PMCID: PMC12394064 PMID: 40893393

ABSTRACT

Burkitt lymphoma (BL) is an aggressive B‐cell malignancy characterized by rapid progression and MYC gene translocations. Jejunal involvement in BL is rare compared to more common sites like the lymph nodes and central nervous system. Diagnosing BL in the jejunum is particularly challenging as it can mimic other gastrointestinal conditions, necessitating a high index of suspicion and histopathological confirmation. We present the case of a 37‐year‐old male with a history of stage III non‐seminomatous testicular carcinoma, BL, deep venous thrombosis, pulmonary embolism, and hypogammaglobulinemia, who presented with abdominal pain and nausea. Imaging revealed peritoneal carcinomatosis and a left hemiabdomen mass concerning malignancy. Given his medical history of previously diagnosed BL in the gastrohepatic ligament lymph node and imaging findings, BL relapse was suspected. Push enteroscopy with biopsy confirmed the recurrence of BL in the jejunum, with positive markers for CD45, CD20, BCL6, and c‐Myc. Despite aggressive supportive care, the patient succumbed to his disease. This case highlights the importance of early recognition of BL, particularly in rare extra‐nodal sites like the jejunum. Further research is needed to improve early detection and treatment outcomes for patients with relapsed or refractory BL.

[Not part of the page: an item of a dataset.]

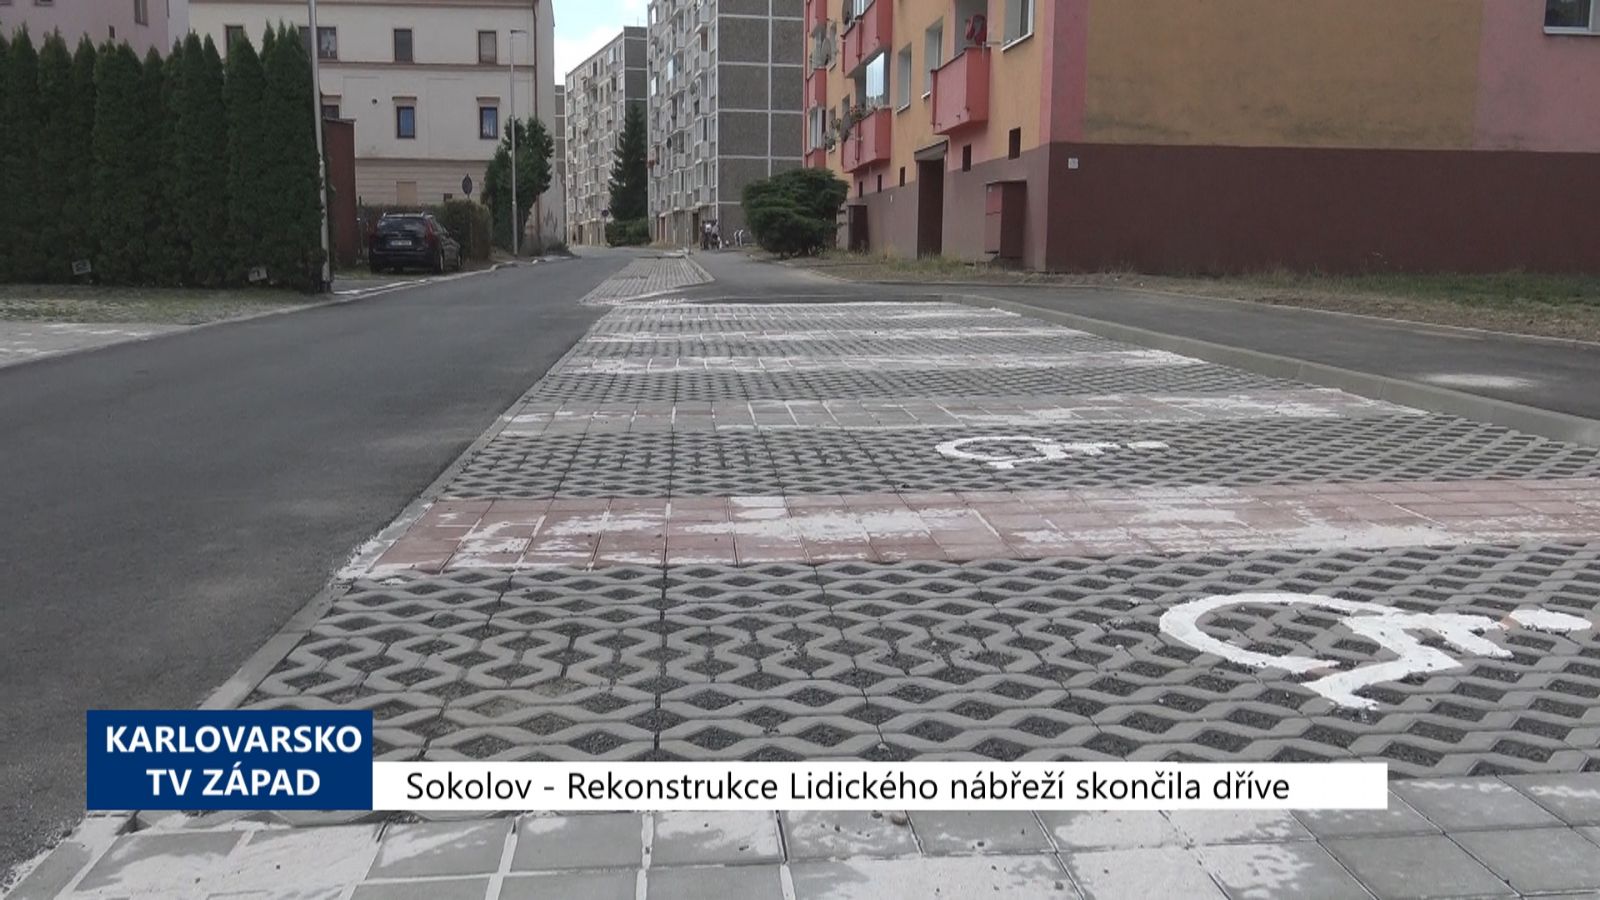 Sokolov: Rekonstrukce Lidického nábřeží skončila dříve (TV Západ)

Keywords: burkitt lymphoma, jejunal involvement, lymphoma recurrence, relapse, tumor lysis syndrome

Abbreviations

BCL‐2: B‐cell lymphoma 2
BCL6: B‐cell lymphoma 6
BL: Burkitt lymphoma
CD20: Cluster of Differentiation 20
CD45: Cluster of Differentiation 45
CK AE 1/3: Cytokeratin AE1/AE3
c‐Myc: (Refers to the protein product of the MYC gene)
DVT: Deep vein thrombosis
ED: Emergency Department
H&E: Hematoxylin & eosin
hyper‐CVAD: Hyperfractionated cyclophosphamide, vincristine, doxorubicin, and dexamethasone
ICU: Intensive Care Unit
IR: Interventional Radiology
IVIG: Intravenous immunoglobulin
NCCN: National Comprehensive Cancer Network
PE: Pulmonary embolism
PET/CT: Positron Emission Tomography/Computed Tomography
WHO: World Health Organization

Summary.

Burkitt Lymphoma can recur years after initial treatment and present with vague symptoms in anatomically distinct, extra‐nodal sites such as the jejunum.
Our case highlights the need for regular and long‐term surveillance for prior aggressive lymphomas, as failure to promptly recognize atypical presentations often results in disease progression and unfavorable outcomes.

1. Introduction

Burkitt lymphoma (BL) is an aggressive B‐cell lymphoma characterized by its rapid growth and distinct cytogenetic abnormalities, particularly the MYC gene translocation [1]. There are three variants: endemic, sporadic, and immunodeficiency‐associated [2]. Jejunal involvement in BL is uncommon compared to other sites, such as lymph nodes or the central nervous system [3]. Diagnosing jejunal BL can be particularly challenging, as it may mimic other gastrointestinal conditions, and confirmation often requires histopathological analysis [4].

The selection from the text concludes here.